Dazu passt, dass in Innsbruck keine Vokalpotenz ausgestellt wird. Alle diese spielfreudigen Solisten, vor allem die in kleineren Rollen, gestalten immer entlang der Grenze, wo Sprechen und Gesang verschmelzen, wo Verzierung Ausdruck von Emotion, nicht von Eitelkeit ist. Silvia Frigato ist eine quecksilbrig helle Euridice, das reife Zärteln von Furio Zanasi (Orfeo) bildet dazu den Gegensatz. Barockstar Sara Mingardo (Proserpina, Dafne) ist mit ihrem Kassandra-Mezzo ein Ereignis, und Antonio Abete lässt seinen Pluto-Bass genauso schnarren und knarzen wie das begleitende Regal, ein altes Tasteninstrument.

Mögen sich ihre Gesangslinien noch so innig verschlingen: Was man sieht, stützt das kaum.
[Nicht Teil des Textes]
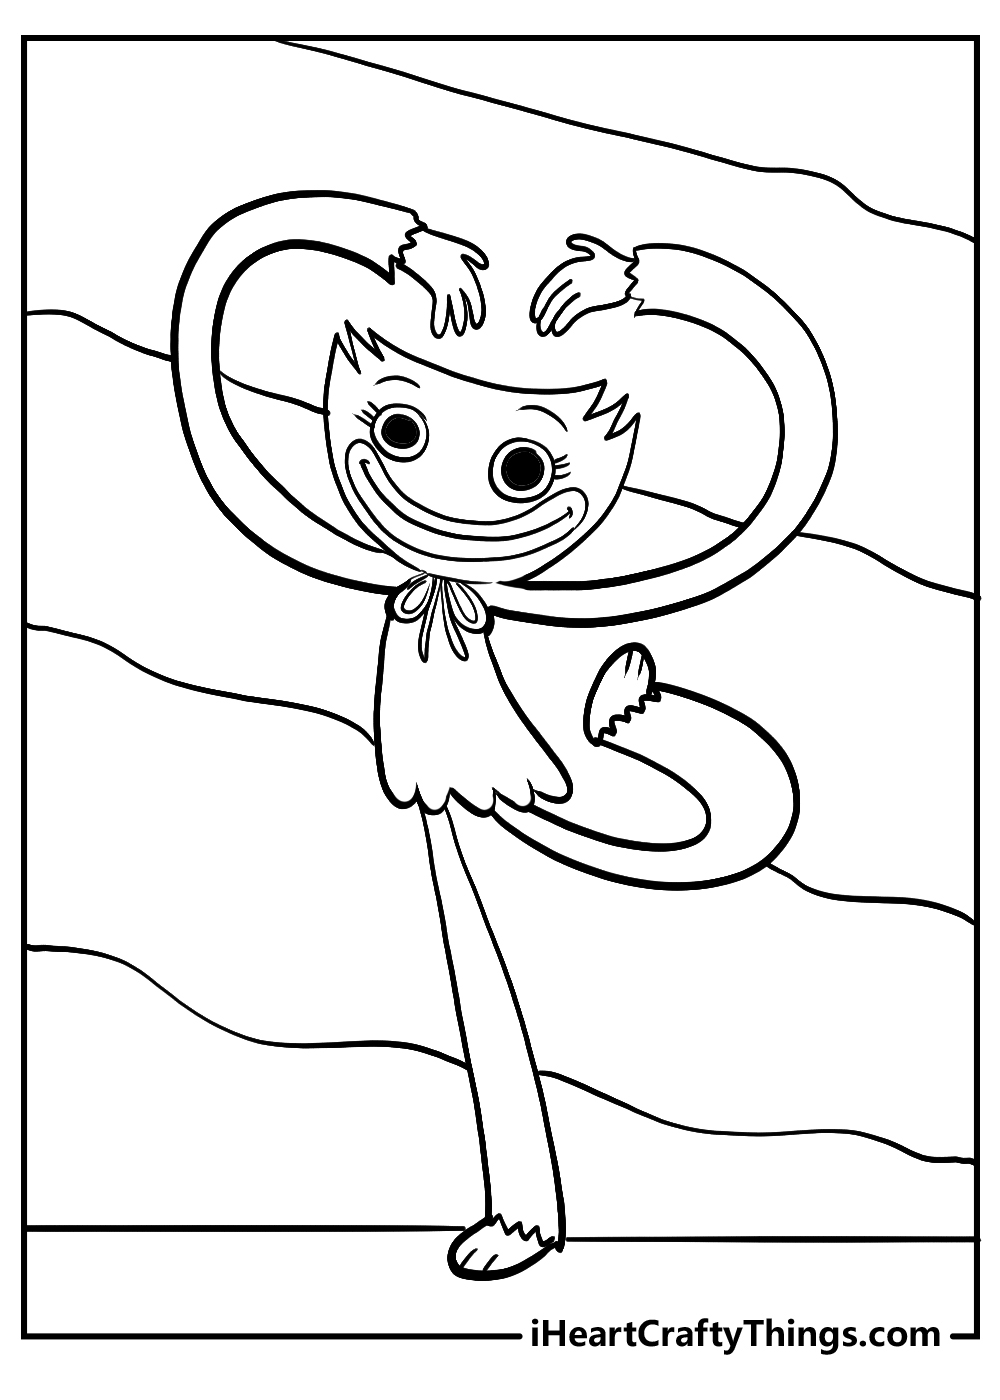 Mommy Long Legs from Poppy Playtime Coloring Pages - Get Coloring Pages

Orfeo und Euridice bleiben in dieser Inszenierung letztlich getrennt. Er als der Künstler in Sängerpose, wirkungsvoll gerahmt, kühl und souverän. Sie als emphatische Frau, die ihre Begeisterung nur mit den Freunden auslebt. Ovid wird also bei Regisseur Horstkotte ein Stück Rechnung getragen – und der Historie auch: Maria bekam auf ihrer Hochzeit den Gatten gar nicht zu Gesicht. Eine hintergründige Pointe das alles.

Und eine grobe Fahrlässigkeit. Nur zwei Aufführungen waren in Innsbruck zu sehen. Einen Koproduzenten nennt das Programmheft nicht. Die Verantwortlichen für die europäischen Barocktheater von München über Paris bis Stockholm sind nun gefragt. Sie müssten sich um diese exemplarische Wiedergabe reißen.